**DATA BLOCK:**

===

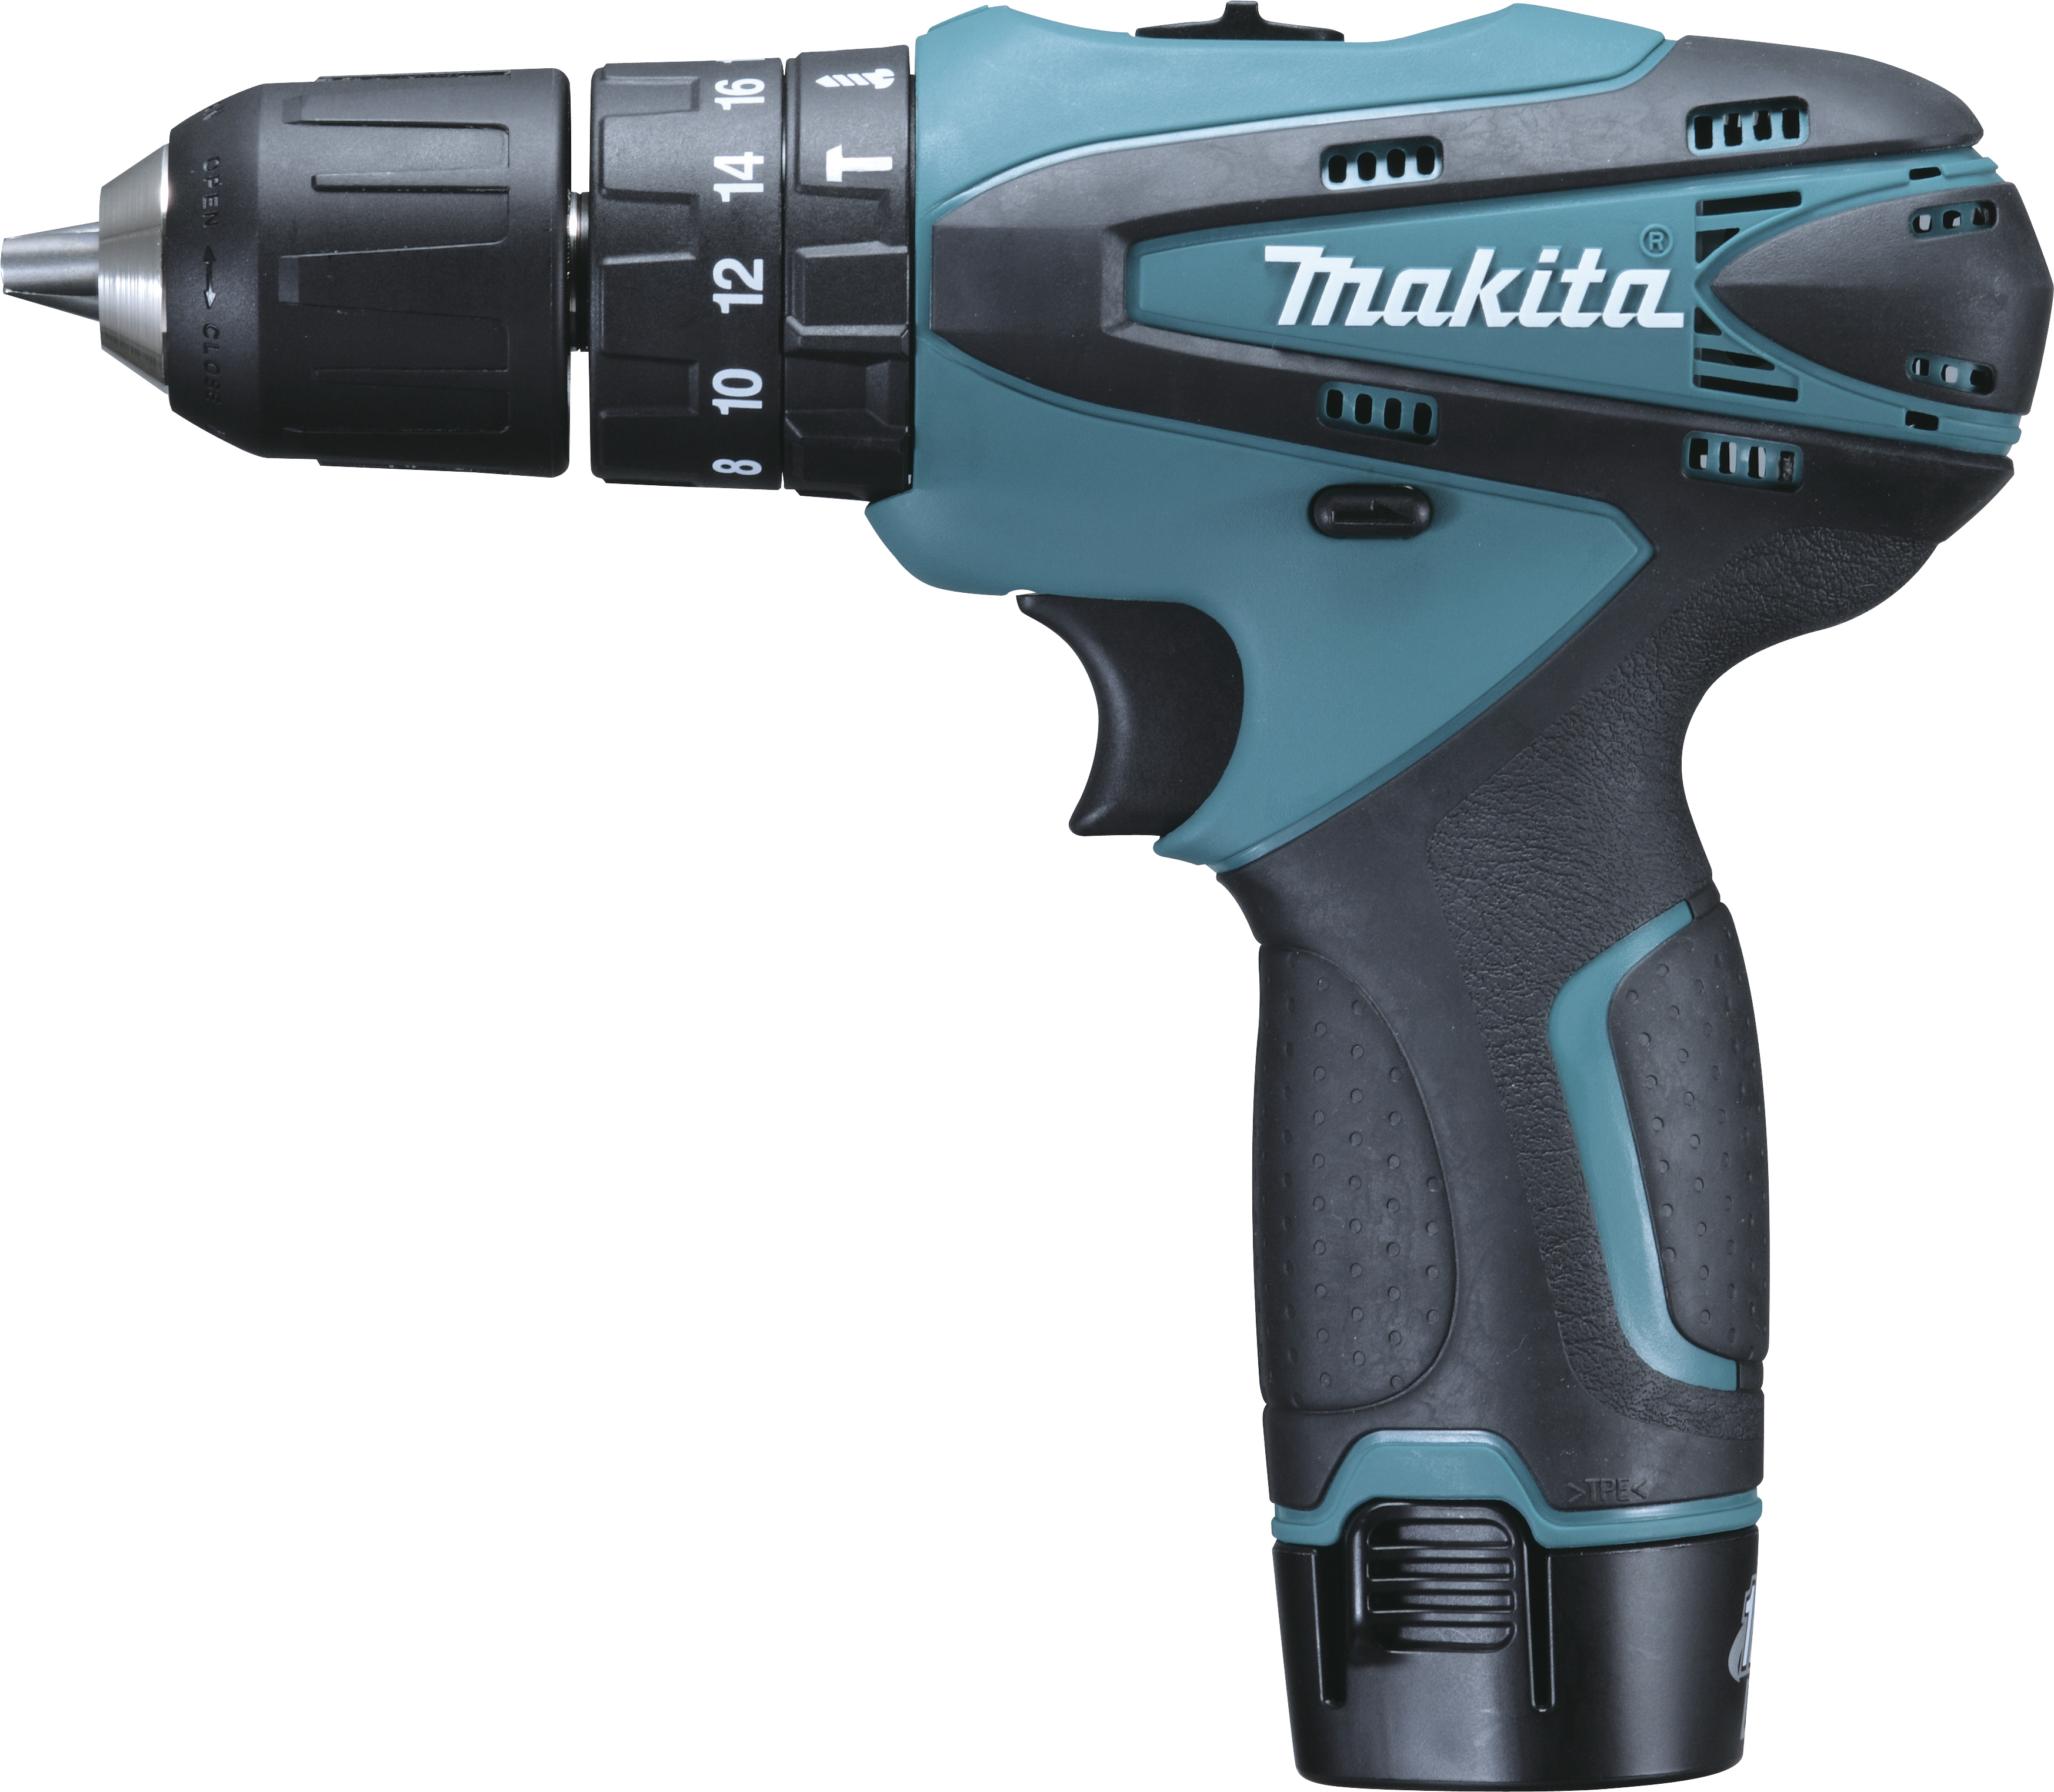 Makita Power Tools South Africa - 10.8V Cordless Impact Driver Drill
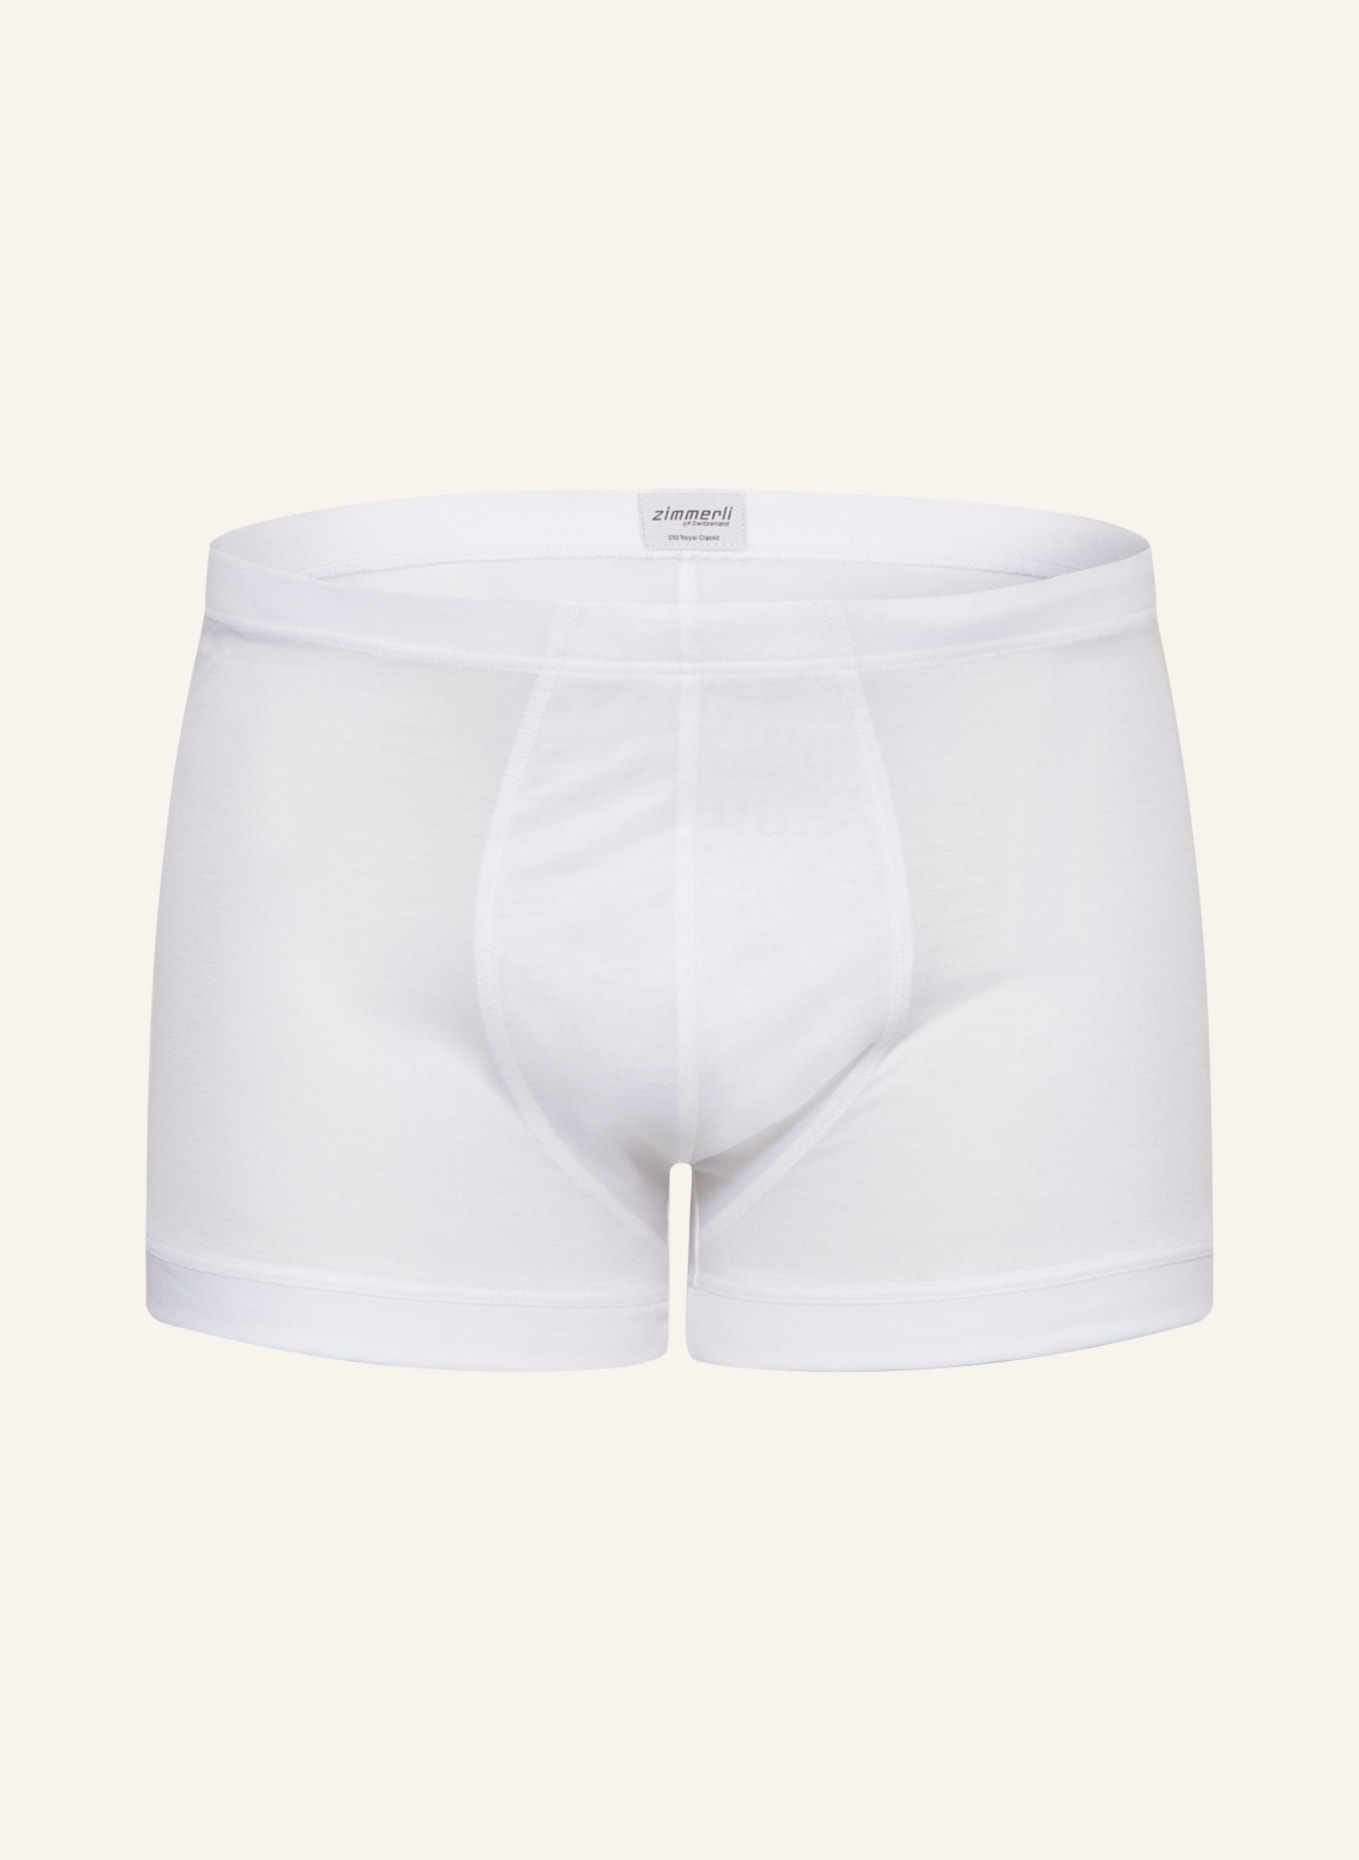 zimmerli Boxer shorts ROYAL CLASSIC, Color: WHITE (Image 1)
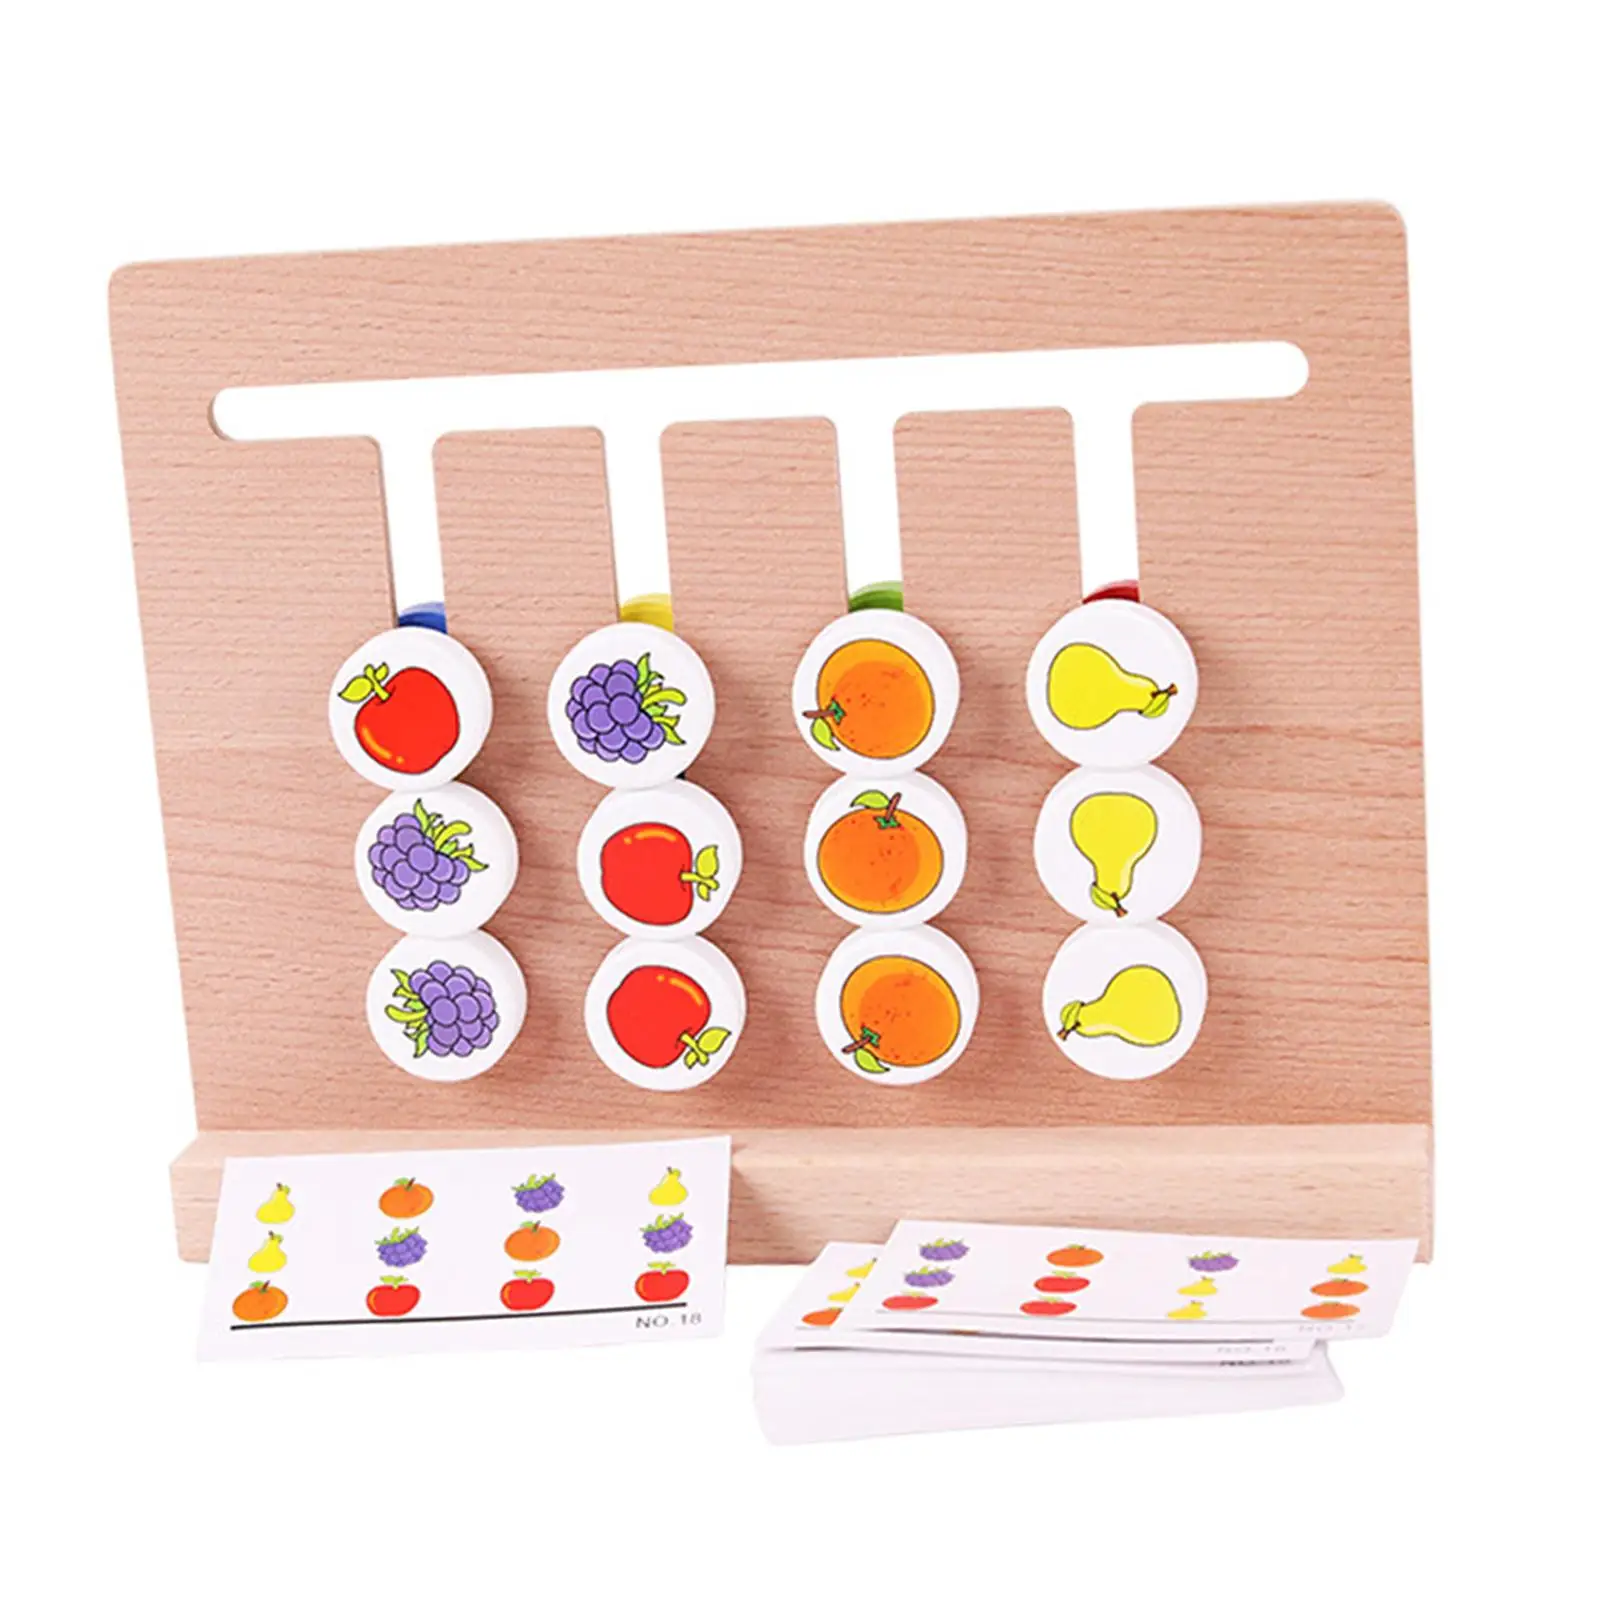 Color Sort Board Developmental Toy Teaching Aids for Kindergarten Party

===

**WHAT TO WORK ON:** Output all the data above verbatim, leaving out images.

**SOLUTION:**
 Makita Power Tools South Africa - 10.8V Cordless Impact Driver Drill
 zimmerli Boxer shorts ROYAL CLASSIC, Color: WHITE (Image 1)
 Color Sort Board Developmental Toy Teaching Aids for Kindergarten Party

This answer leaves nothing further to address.